What the task asks = Output the data below only from the line containing "AuroHome_Special_Gift" up to and including the line containing "SLAUGHTER IN SAN", exact and with the pictures left out.

Records provided =
[Start of Attachment]

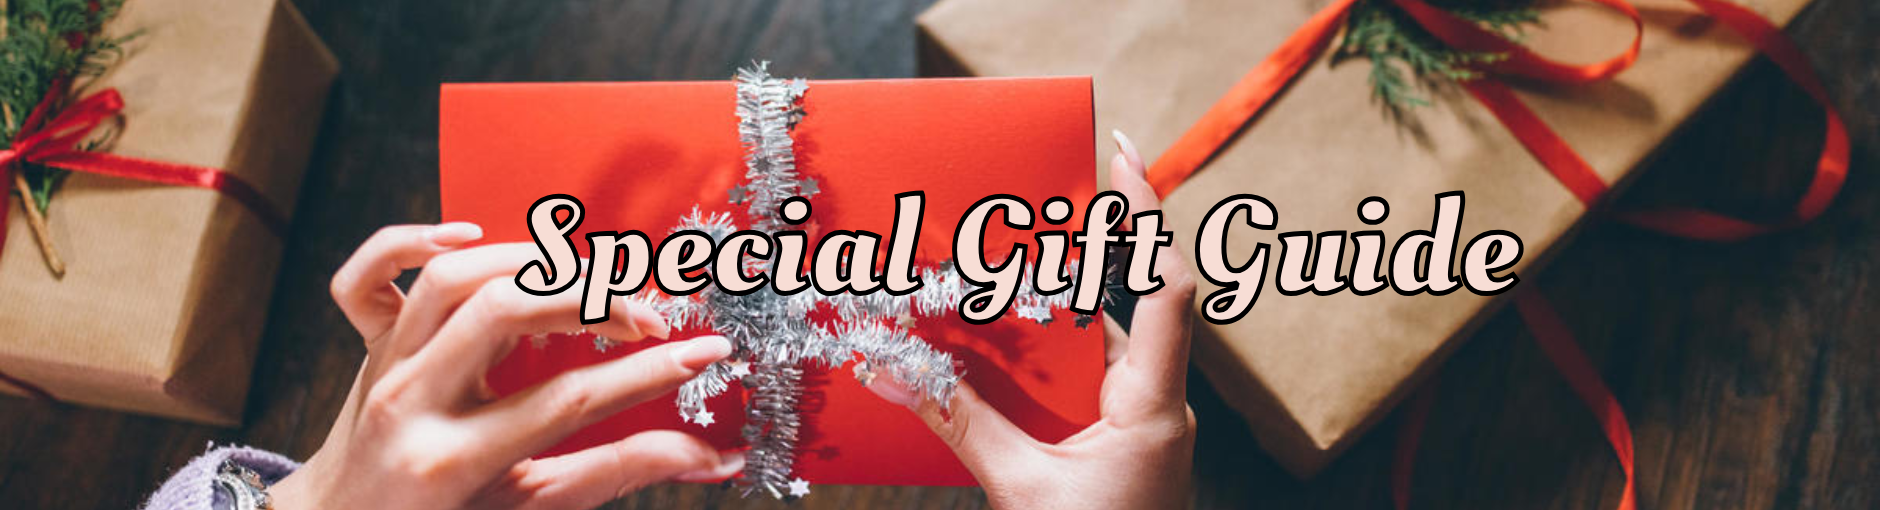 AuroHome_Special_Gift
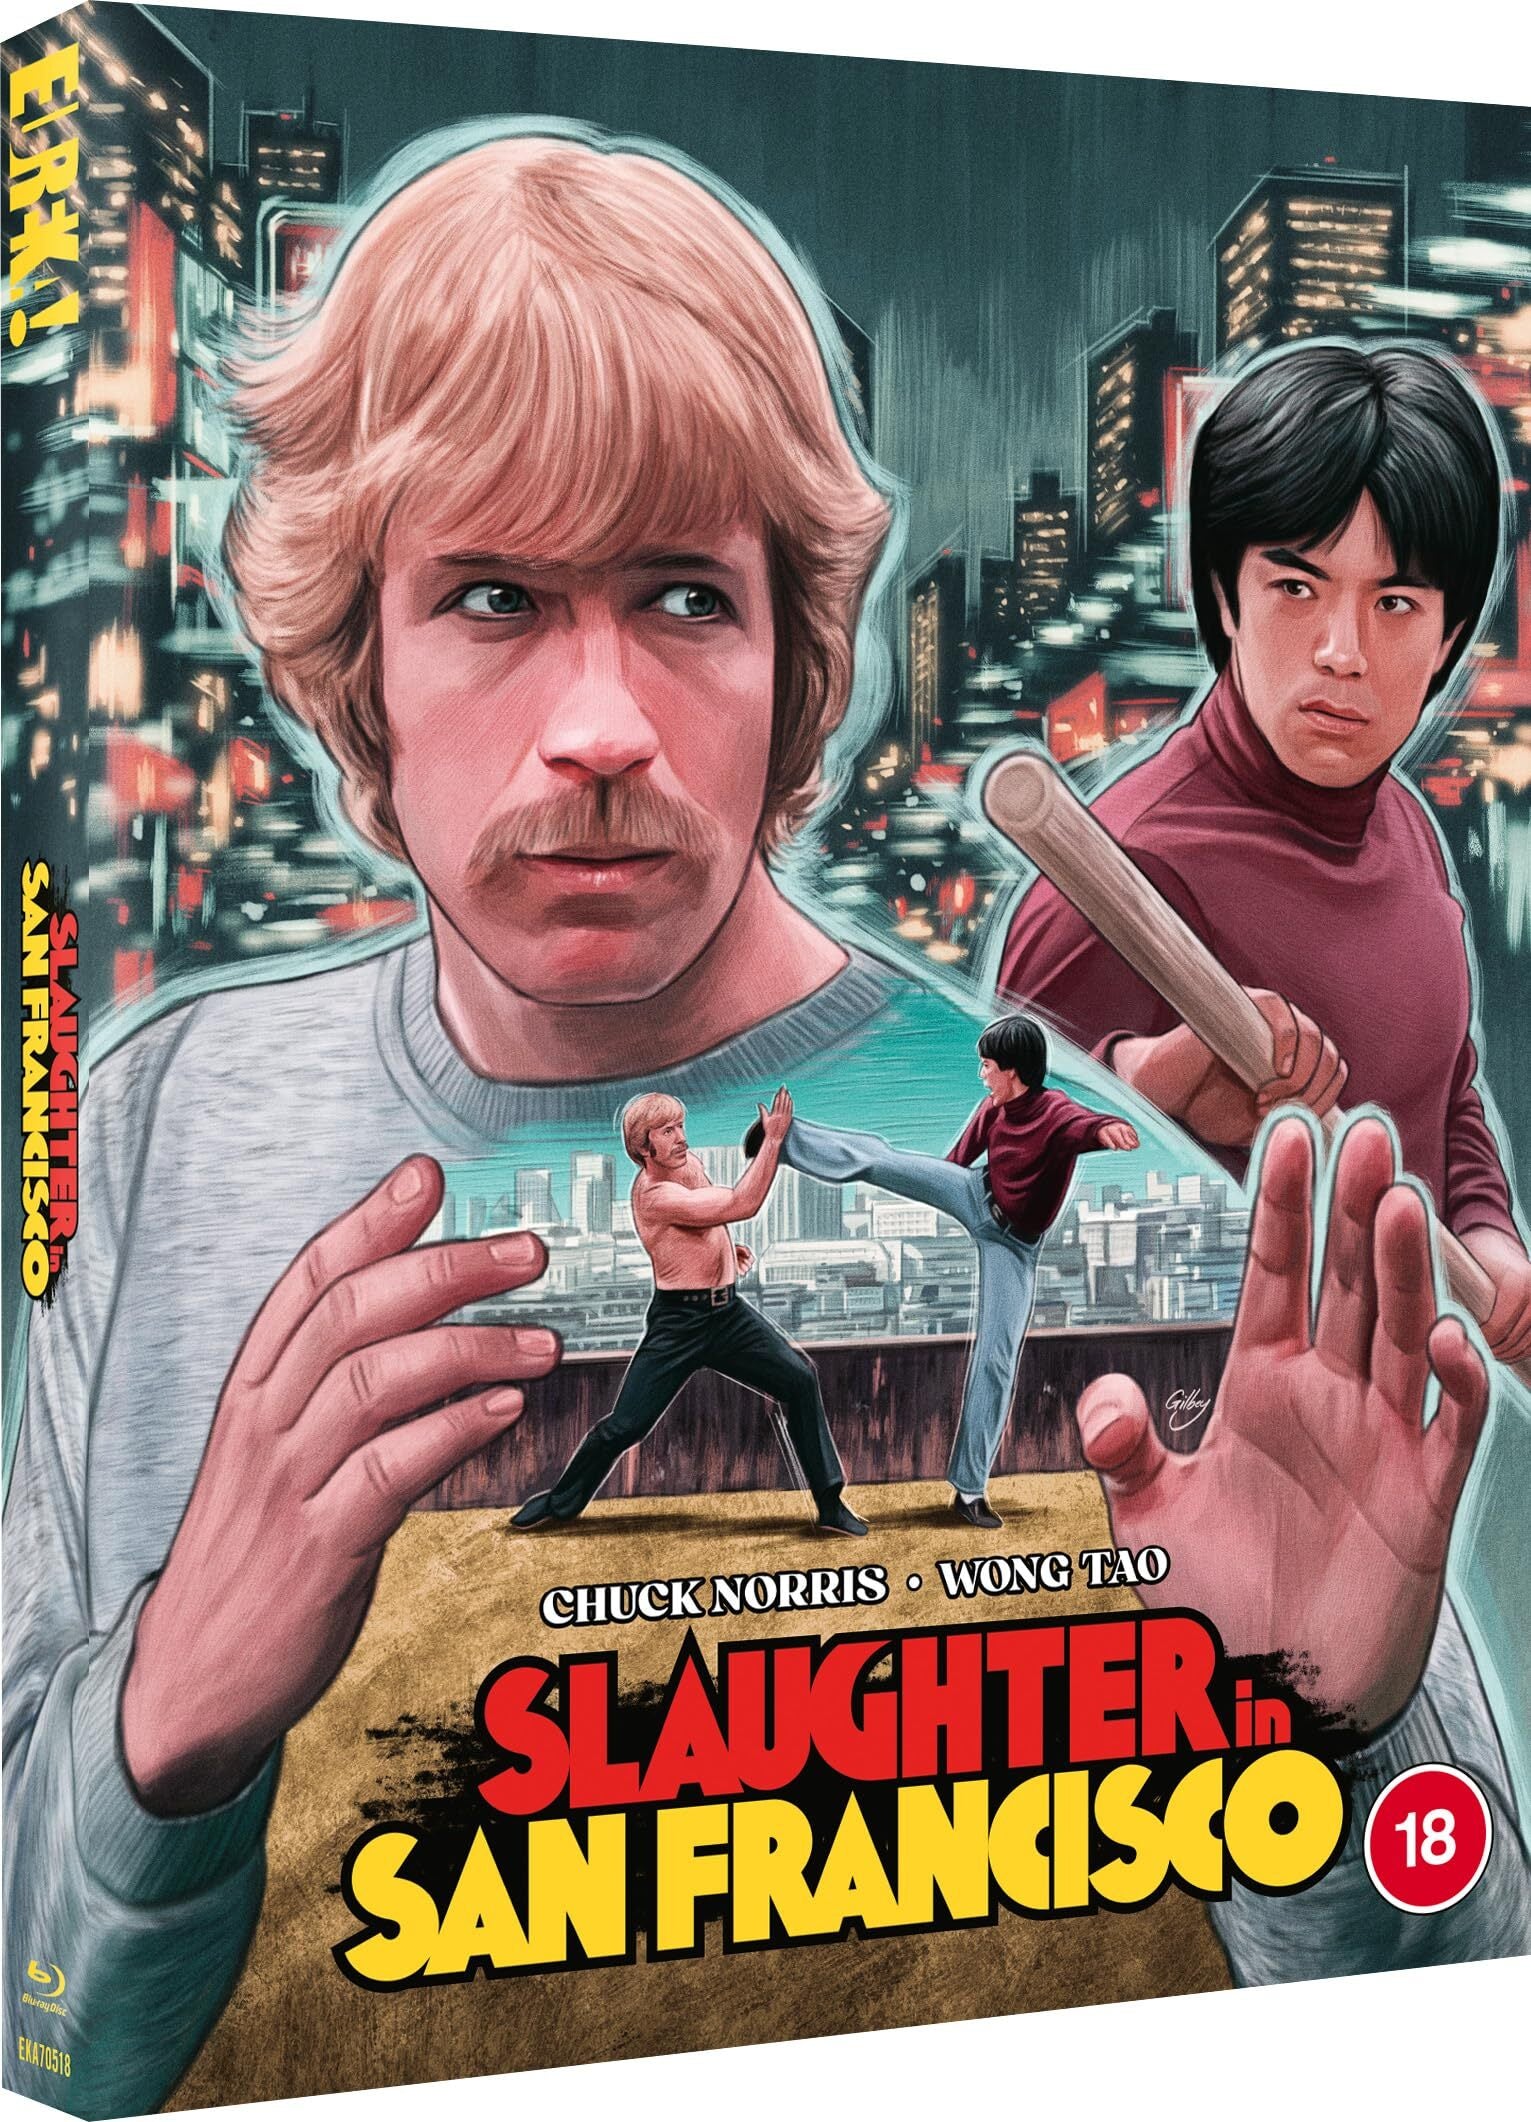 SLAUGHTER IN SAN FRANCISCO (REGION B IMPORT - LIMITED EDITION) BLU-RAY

[End of Attachment]
[Start of Attachment]

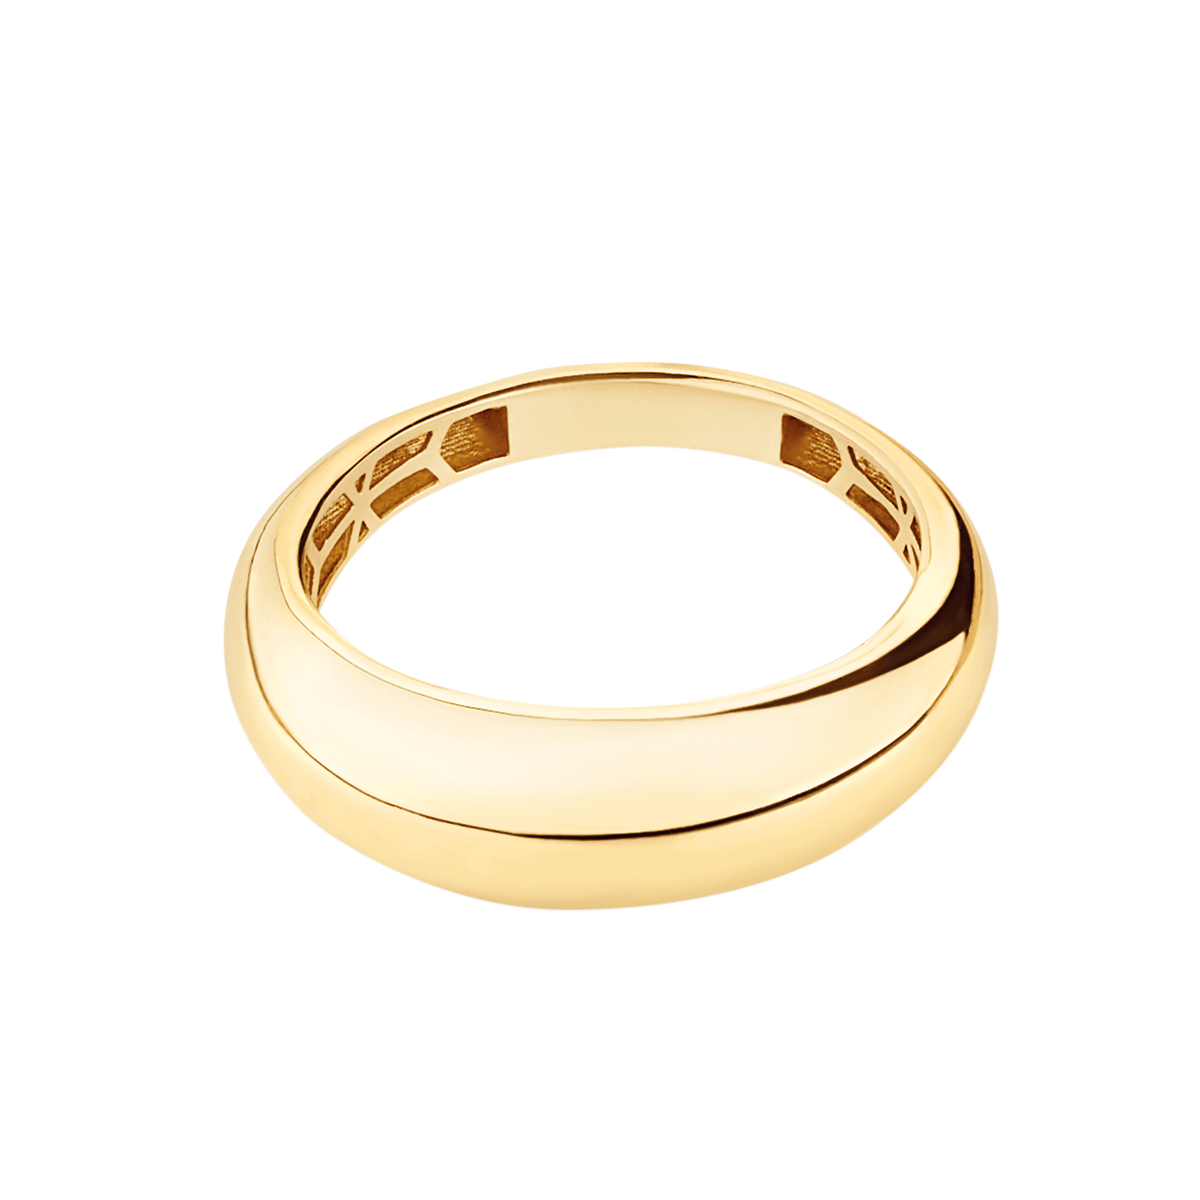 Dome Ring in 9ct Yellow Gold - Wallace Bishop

[End of Attachment]

Task result =
 AuroHome_Special_Gift
 SLAUGHTER IN SAN FRANCISCO (REGION B IMPORT - LIMITED EDITION) BLU-RAY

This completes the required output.